Coors, which ran a retail sweepstakes, sponsored give-aways and
advertised with the Browns, will seek to identify "the next best
alternatives" in the market (Becky Yerak, Cleveland PLAIN DEALER,
     DON'T GIVE UP THE FIGHT:  The U.S. Senate Judiciary
Committee's subcommittee on antitrust, business rights and
competition has scheduled a hearing for November 29 on the
Browns' move (AP/Minneapolis STAR TRIBUNE, 11/10).  OH Sen. John
Glenn said he will file the "Fans Rights Act," which would
require any team looking to move to give the hometown 120 days
notice so the community could prepare a counter-offer.  Glenn's
bill would also add a "limited exemption" to antitrust law so the
NFL could enforce its guidelines for allowing teams to move
(Cleveland PLAIN DEALER, 11/9).  Cleveland Mayor Michael White
said they had uncovered signs that Modell planned to move the
team to Baltimore, perhaps as early as '84.  White has asked when
the name "Baltimore Browns" was incorporated (WASHINGTON TIMES,
     THE VOTE:  Yesterday's PLAIN DEALER indicates Bills Owner
Ralph Wilson and Patriots Owner Robert Kraft have reconsidered
their initial opposition, and will vote to approve (Cleveland
PLAIN DEALER, 11/9).  Wilson:  "We're killing ourselves. ... You
think human nature is any different in the NFL than in baseball"

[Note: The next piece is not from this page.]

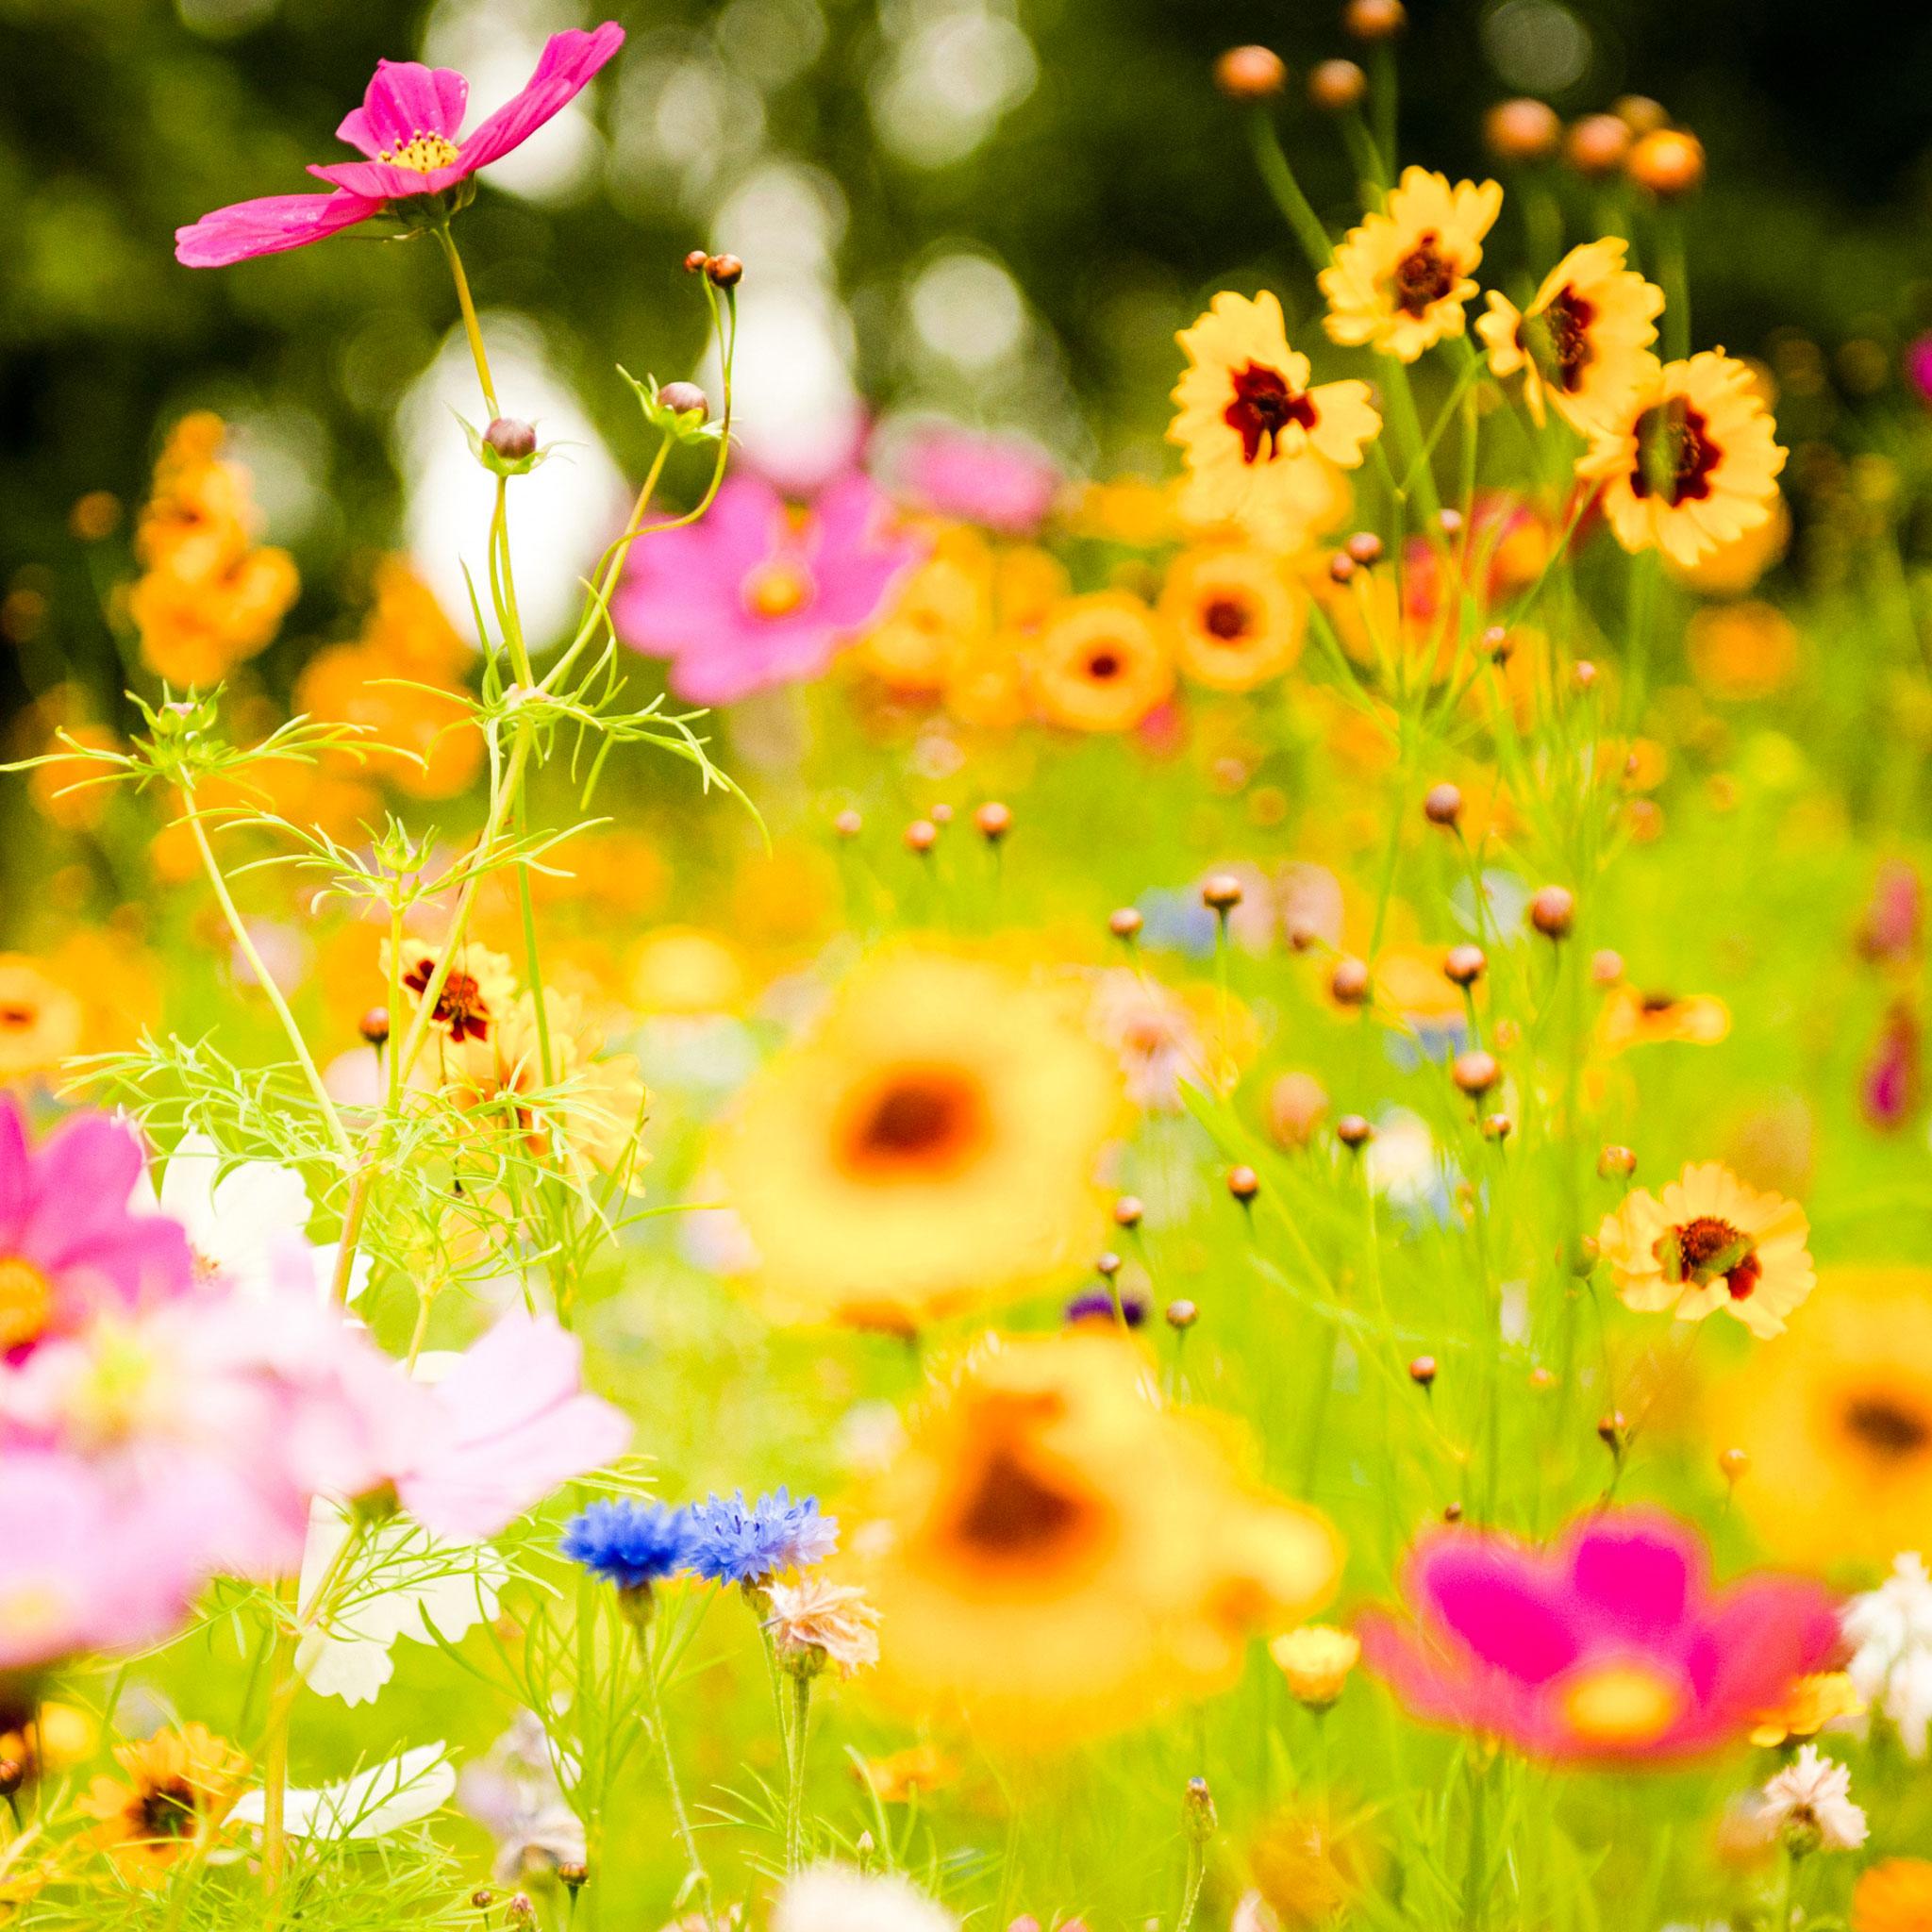 Land Flowers 3Wallpapers ipad Retina Land Flowers   iPad Retina

(S.F. CHRONICLE, 11/10).  Modell, in this week's SI:  "When I lay
out my losses and my lack of support from the city, they'll see I
have a far greater justification for moving than any team that's
tried to move in the NFL.  They'd be insane to vote against me"

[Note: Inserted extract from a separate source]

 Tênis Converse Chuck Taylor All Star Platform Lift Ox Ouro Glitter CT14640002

(Peter King, SPORTS ILLUSTRATED, 11/13 issue).   "Inside the
NFL's" Gary Myers said, while owners are unhappy with the move,
Modell was "very persuasive ... to the point that a few owners
told me they went into that meeting thinking they were going to
vote against the move, but came out actually feeling sorry for
Modell" (HBO, 11/9).

     The Minnesota "Fighting Pike" will be the name of the newest
team in the Arena Football League.  Pike President Tom Scallen:
"This isn't just about high-speed, in-your-face football action,
it's about saving an entire generation on Minnesota's game fish
from becoming shore lunch" (Fighting Pike)....Celtics Owner Paul
Gaston told Boston's WBZ-TV he has not abandoned the idea of
suing the Wall Street Journal for its report that cocaine
contributed to the death of Reggie Lewis (BOSTON GLOBE,
11/9)....COMSAT Entertainment Group, which owns the Nuggets and
Avalanche, has changed its name to Ascent Entertainment Group
Inc. (Comsat).

     Bullets Owner Abe Pollin announced yesterday he will change
the name of the team for the '97-98 season, to coincide with the
move to the new MCI Center in downtown DC.  The Boston Market
"Rename the Bullets" contest will be a chance for the fans to
participate in the process.  Fans will be able to submit name
suggestions at any of the over 50 DC and Baltimore area Boston
Market locations.  Prizes include a Grand Prize of a trip for two
to the Bullets-Magic in Orlando and two season tickets for the
'96-97 or '97-98 seasons.  Media partners include WRC-TV, The
Washington Post, HTS, WBDC-TV and WTEM-AM, WHUR-FM, V-103-FM, and
Heaven 600 AM in Baltimore.  The name change will go hand-in-hand
with a new Bullets Anti-Violence Campaign running in conjunction
with the NBA's Stay in School program (Bullets).
     THE FINAL WORD:  After five finalits are selected, fans will
then be invited to vote via a 1-900 number.  Proceeds from calls
will go to the anti-violence campaign, according to the
WASHINGTON POST.  Richard Justice notes that Pollin and his staff
"retain the right" to pick the final new name, and a timetable
for the final announcement of a new name will be made sometime
next year (WASHINGTON POST, 11/10).

     "It is not too late for Mayor Bob Lanier, County Judge Bob
Eckels and the Greater Houston Partnership to put something on
the table in case Oilers Owner Bud Adams get cold feet," writes
John McClain in the HOUSTON CHRONICLE.  McLain notes the deal the
Oilers will sign with Nashville next week is non-binding, meaning
Adams could get out of it if Houston or Harris County come up
with a better deal  (HOUSTON CHRONICLE, 11/10).